Your output should be everything below from the line containing "Other items shown in" down to the line containing "On SBS Little", both ends included, copied exactly, with pictures left out.

→ EXERCISE DATA
-=-=-=-=-
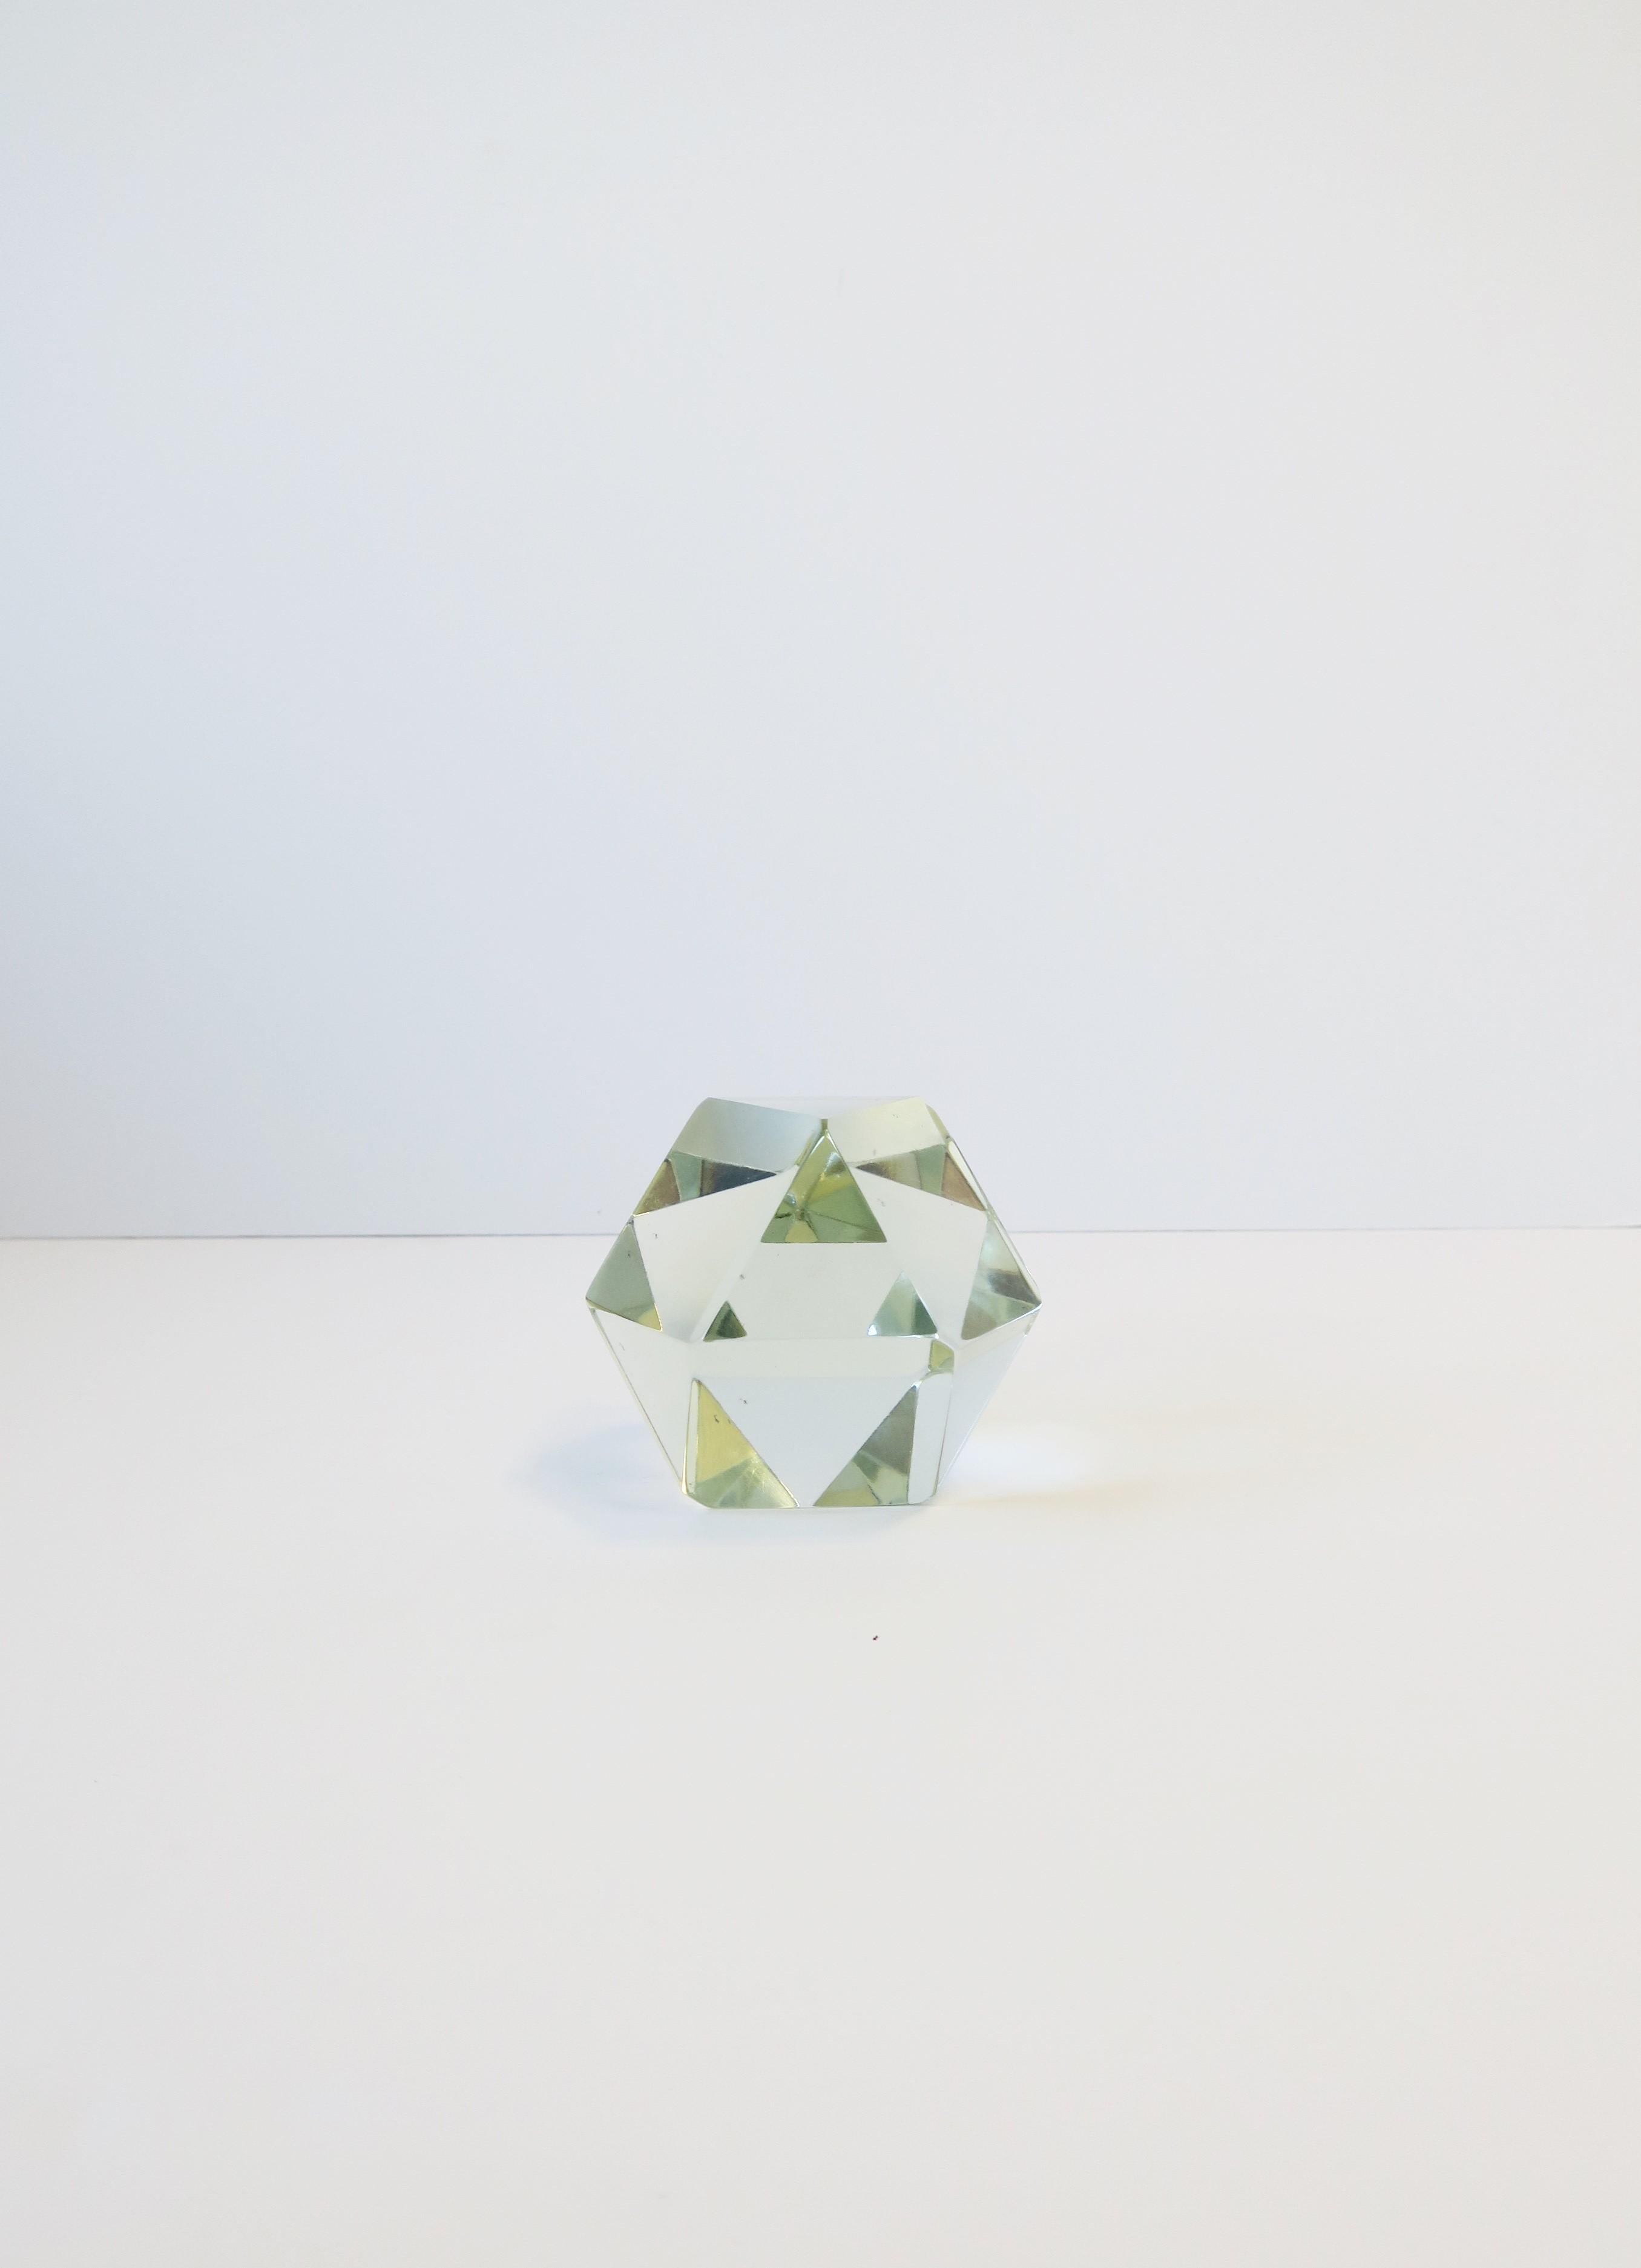 A beautiful crystal geometric paperweight or decorative object, circa late-20th century. A great decorative object (as shown) and a great piece for a desk, office, library, etc. Very good condition as shown. No chips noted. 

Other items shown in
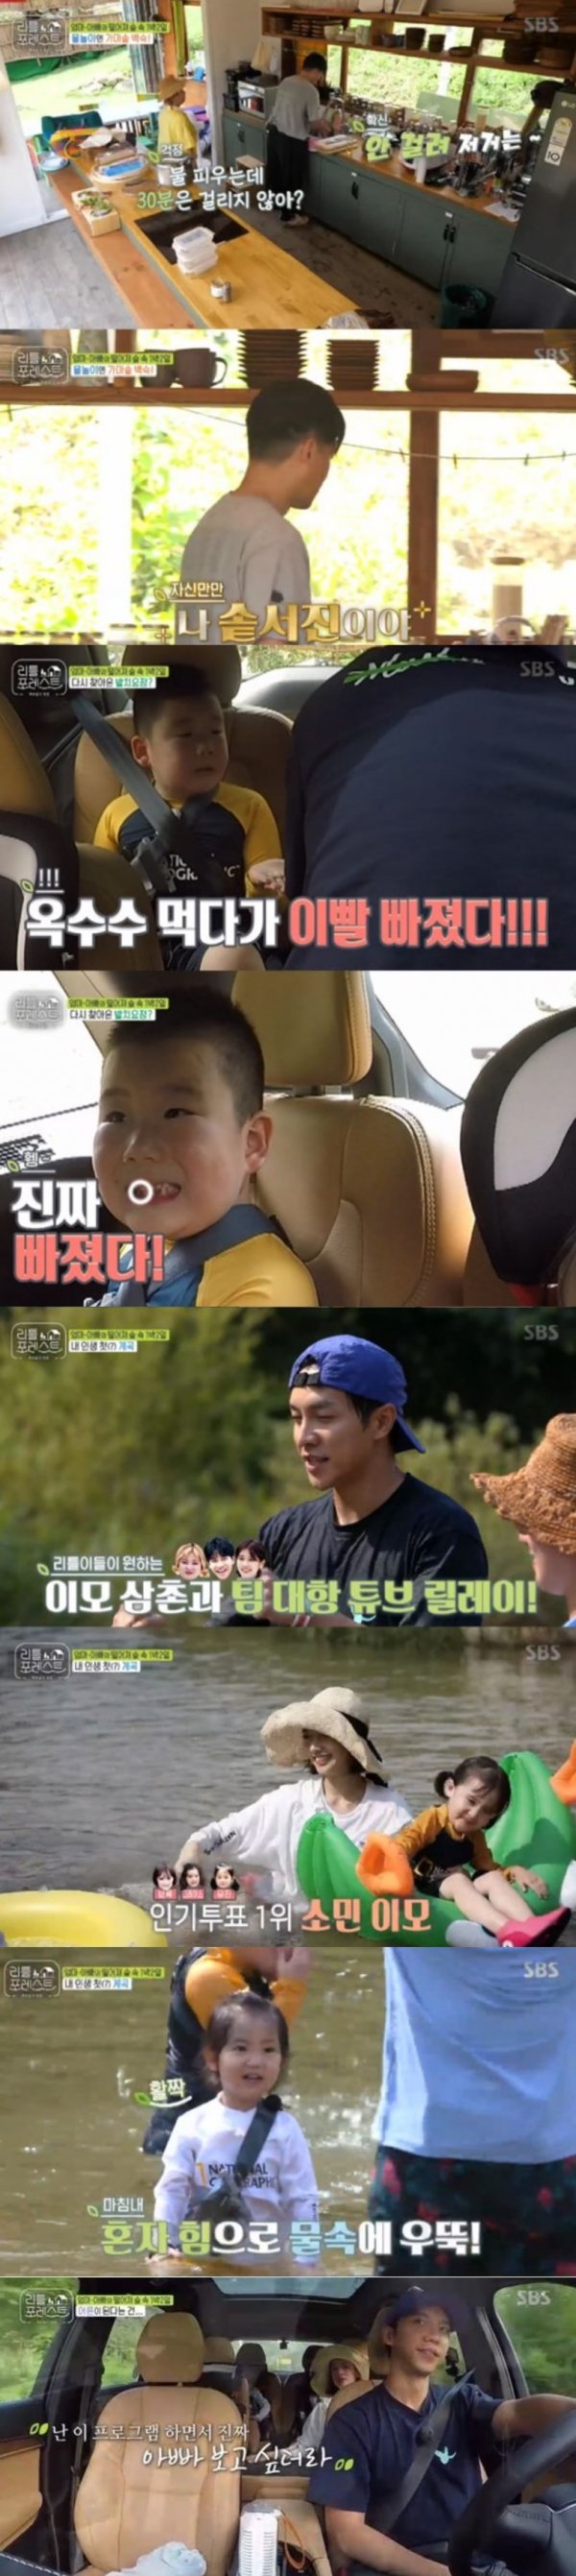 On SBS Little Forest broadcast on the 2nd, members and Little Lees valley water play were drawn.Lee Seo-jin and Park Na-rae are preparing for the summer specials for the Littles, and Lee Seo-jin decided to do chicken grooming on behalf of Park Na-rae, who has chicken phobia.However, Lee Seo-jin was increasingly manipulated by Park Na-rae cooking bot and laughed.In the meantime, Lee Seo-jin, who is a cooked Seojin, expressed firewood, saying, I am a specialist in the fireplace. However, he suffered unexpected sufferings by burning unexpected heat waves.In addition, Lee Han-yi suffered another tooth-sucking death. Lee felt this shaking in the garden, and Lee Seung-gi said, Lets pull it out with corn hair.It is the first time in Korea, he persuaded, but it did not work.In the end, Lee fell out of his teeth while eating boiled corn in the car, and gave Lee Seung-gi and Lee Seo-jin a big smile.Littles later enjoyed full-scale valley water play, but Eugene felt afraid of water play, and eventually fell into the water while trying to ride a frog tube.At that moment, Jung So-min reached out to hold Eugenei and Eugenei did not cry.Jung So-min said, I told him that I should not be embarrassed, so I said it was okay, but Baro said it casually. He felt the importance of communicating with children.In the meantime, popular votes among members were also held.Lee Han-i and Jung Heon-yi selected Lee Seung-gi, Brooke and Grace, and Eugene Lee Jung So-min, and Park Na-rae won the unexpected 
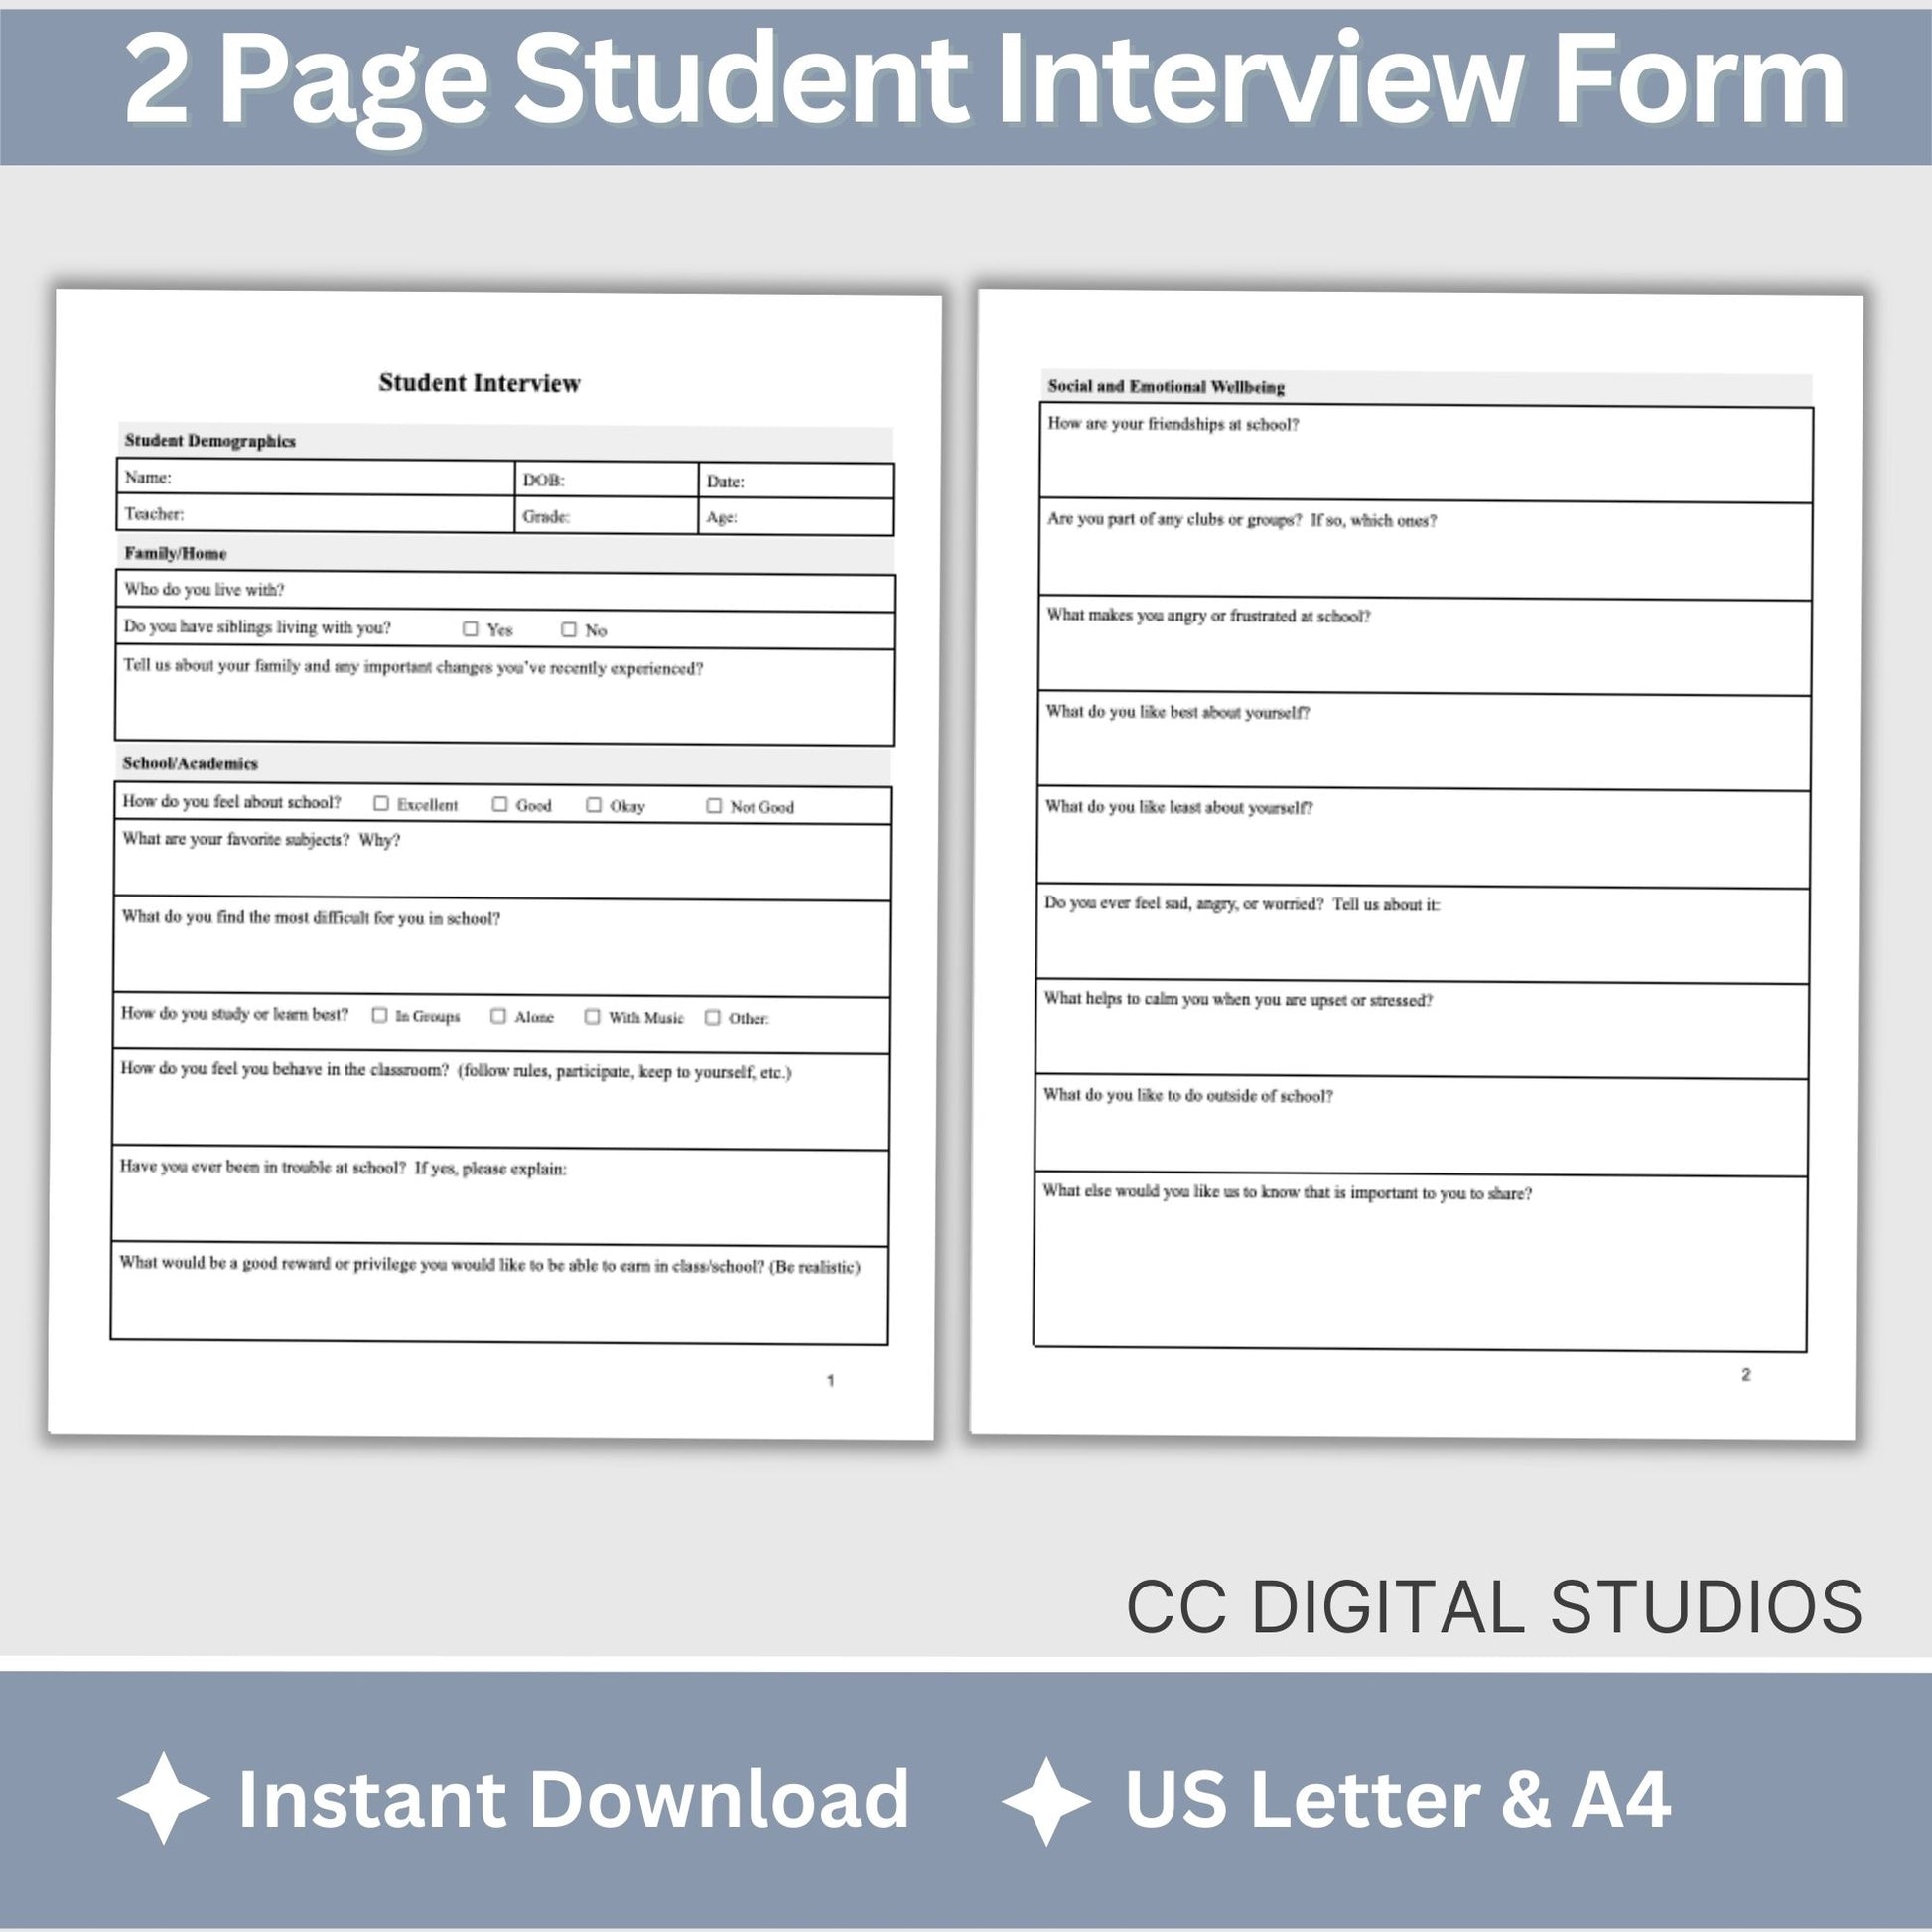 Student Interview Form, an essential tool for school counselors, school psychologists, and school social workers. Its ideal for case management, child therapy, and psychotherapy sessions, aiding in therapy notes documentation.
-=-=-=-=-
→ RESPONSE FOR THIS EXERCISE
Other items shown in
 On SBS Little Forest broadcast on the 2nd, members and Little Lees valley water play were drawn.Lee Seo-jin and Park Na-rae are preparing for the summer specials for the Littles, and Lee Seo-jin decided to do chicken grooming on behalf of Park Na-rae, who has chicken phobia.However, Lee Seo-jin was increasingly manipulated by Park Na-rae cooking bot and laughed.In the meantime, Lee Seo-jin, who is a cooked Seojin, expressed firewood, saying, I am a specialist in the fireplace. However, he suffered unexpected sufferings by burning unexpected heat waves.In addition, Lee Han-yi suffered another tooth-sucking death. Lee felt this shaking in the garden, and Lee Seung-gi said, Lets pull it out with corn hair.It is the first time in Korea, he persuaded, but it did not work.In the end, Lee fell out of his teeth while eating boiled corn in the car, and gave Lee Seung-gi and Lee Seo-jin a big smile.Littles later enjoyed full-scale valley water play, but Eugene felt afraid of water play, and eventually fell into the water while trying to ride a frog tube.At that moment, Jung So-min reached out to hold Eugenei and Eugenei did not cry.Jung So-min said, I told him that I should not be embarrassed, so I said it was okay, but Baro said it casually. He felt the importance of communicating with children.In the meantime, popular votes among members were also held.Lee Han-i and Jung Heon-yi selected Lee Seung-gi, Brooke and Grace, and Eugene Lee Jung So-min, and Park Na-rae won the unexpected 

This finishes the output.